EXERCISE INPUT:
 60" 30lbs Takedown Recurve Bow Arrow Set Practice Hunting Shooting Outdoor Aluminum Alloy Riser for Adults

--

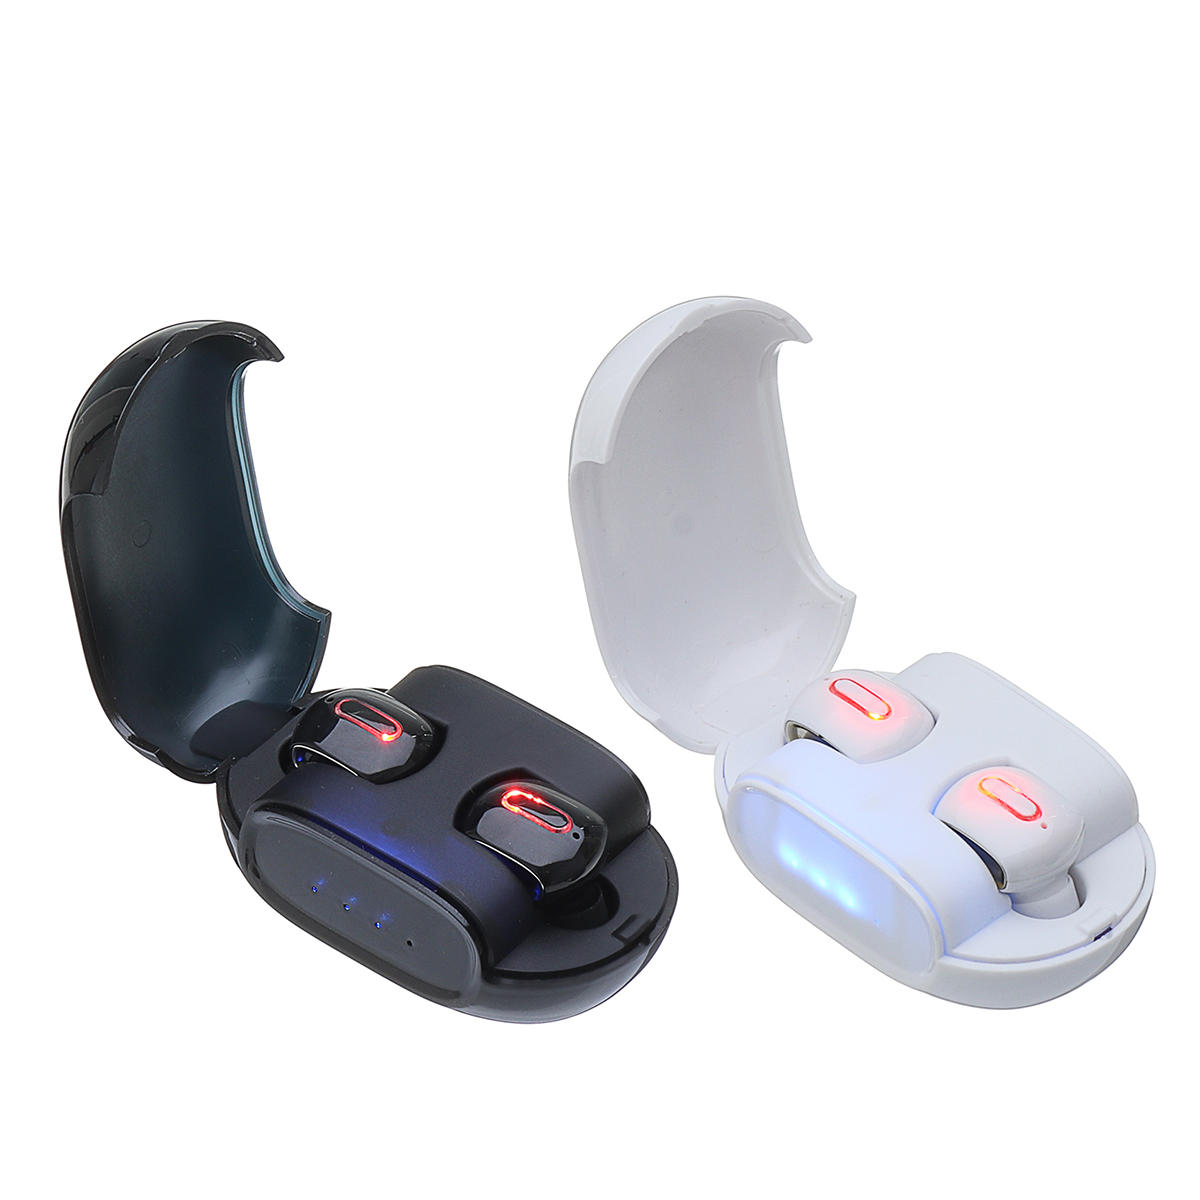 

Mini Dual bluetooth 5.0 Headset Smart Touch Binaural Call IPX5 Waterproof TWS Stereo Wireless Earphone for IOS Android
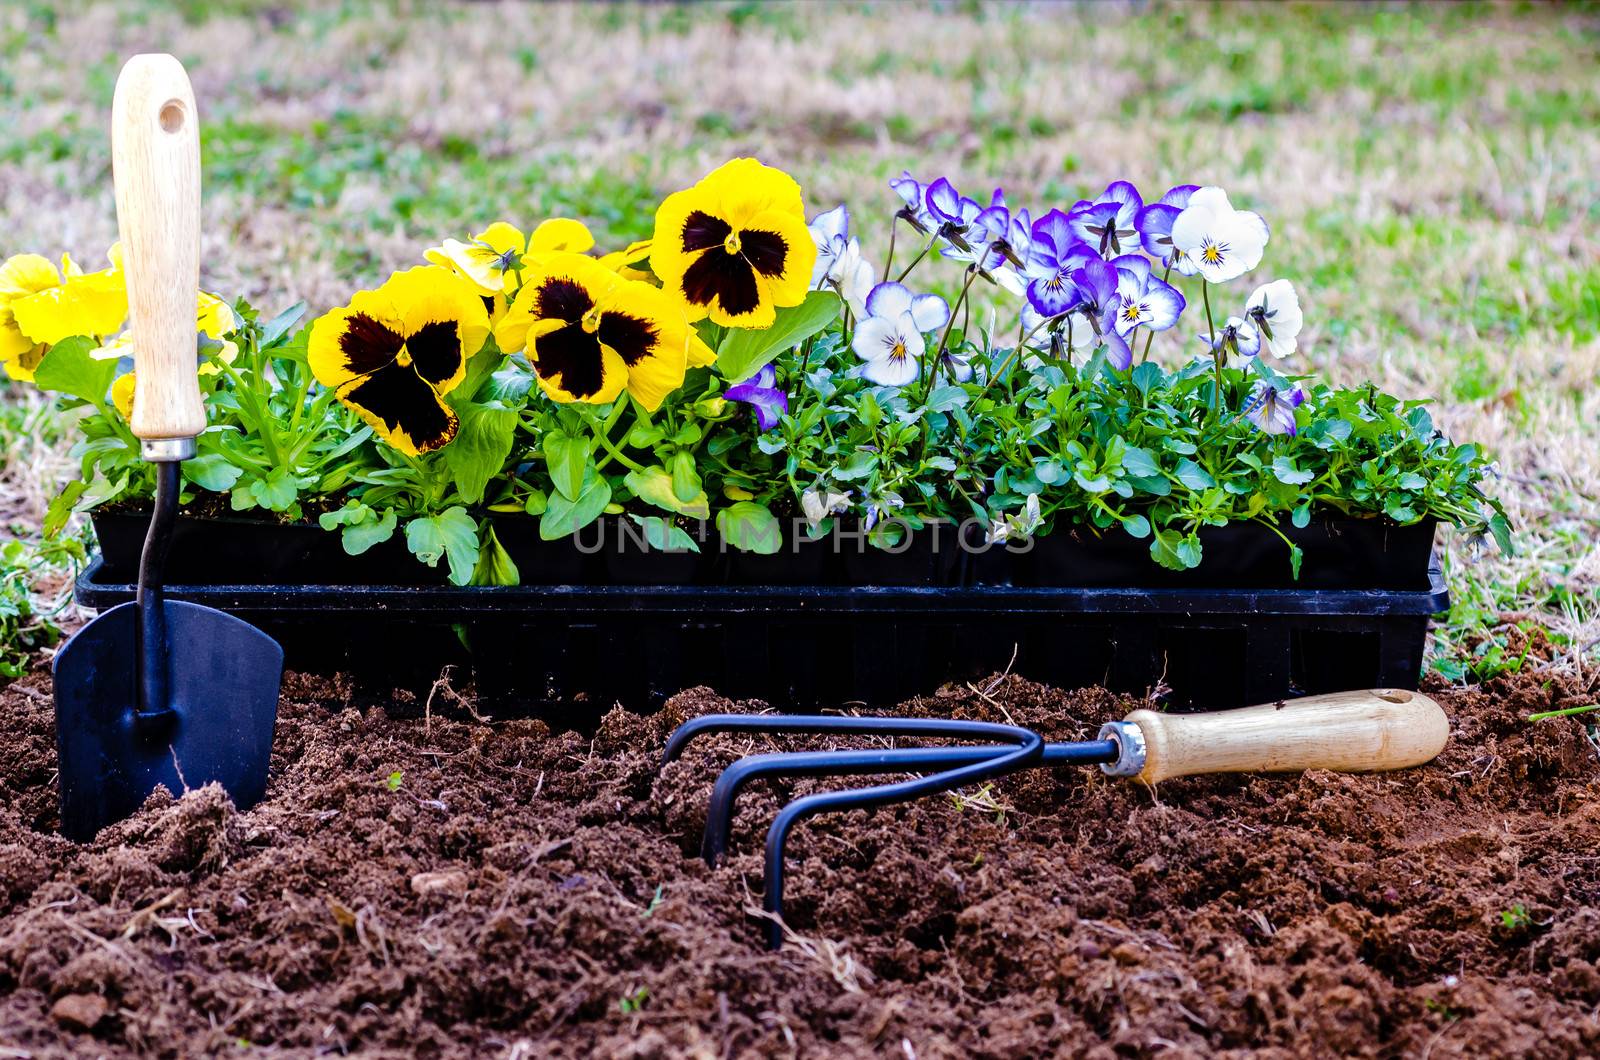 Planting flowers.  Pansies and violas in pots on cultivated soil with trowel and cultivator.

==

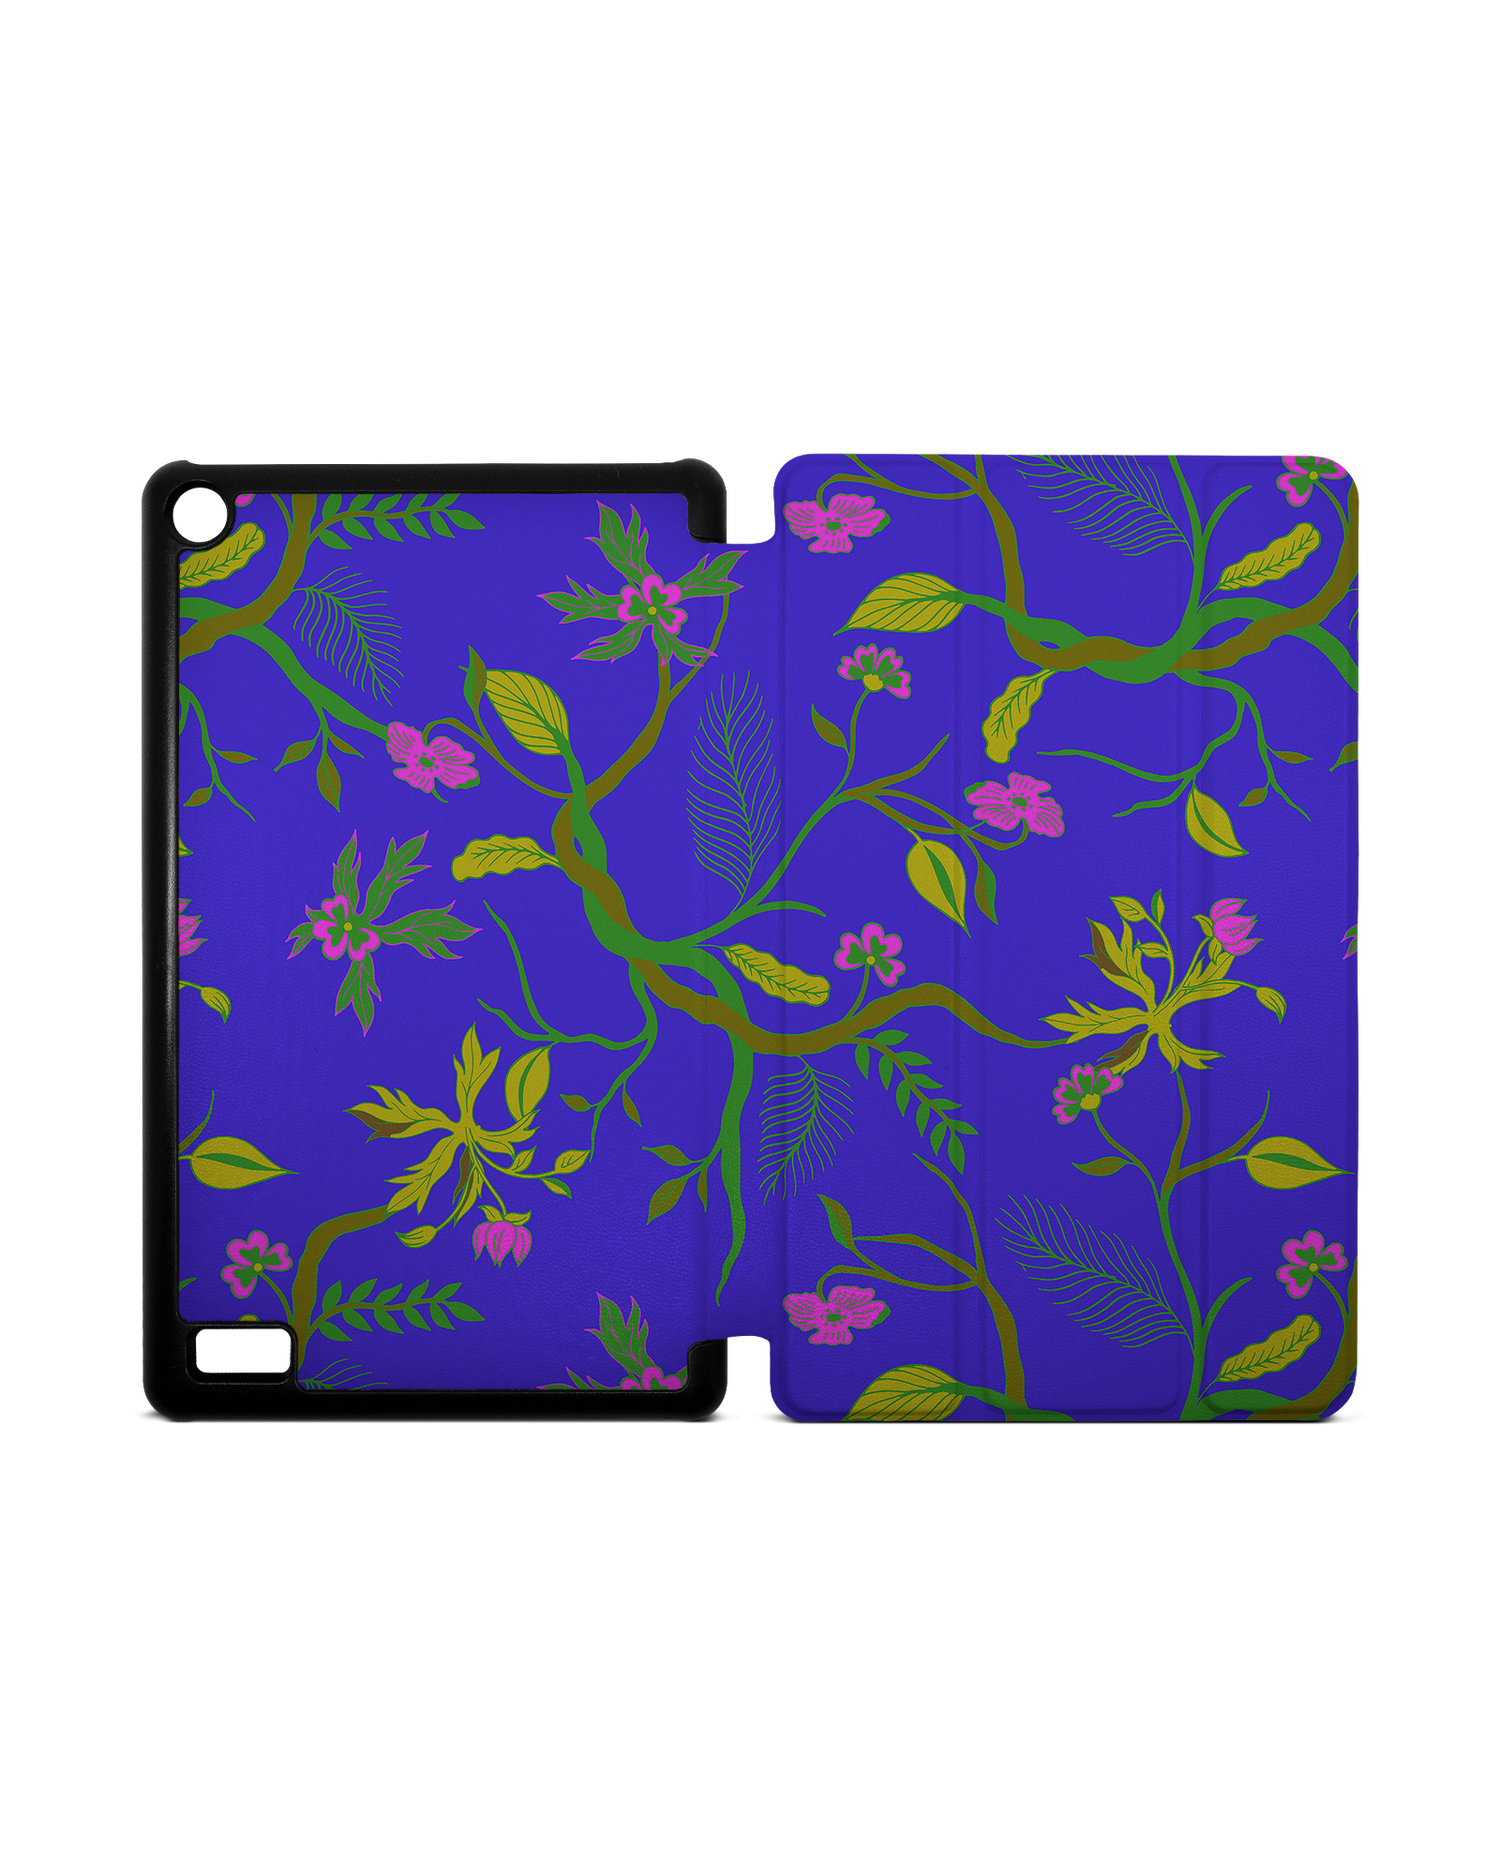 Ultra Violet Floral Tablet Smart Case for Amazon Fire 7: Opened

PROBLEM: Pictures excluded, reproduce only the part above that opens with the line holding "Mini Dual bluetooth" and closes with the line holding "trowel and cultivator.", exactly as written.

ANSWER FOR THIS EXERCISE:
Mini Dual bluetooth 5.0 Headset Smart Touch Binaural Call IPX5 Waterproof TWS Stereo Wireless Earphone for IOS Android
 Planting flowers.  Pansies and violas in pots on cultivated soil with trowel and cultivator.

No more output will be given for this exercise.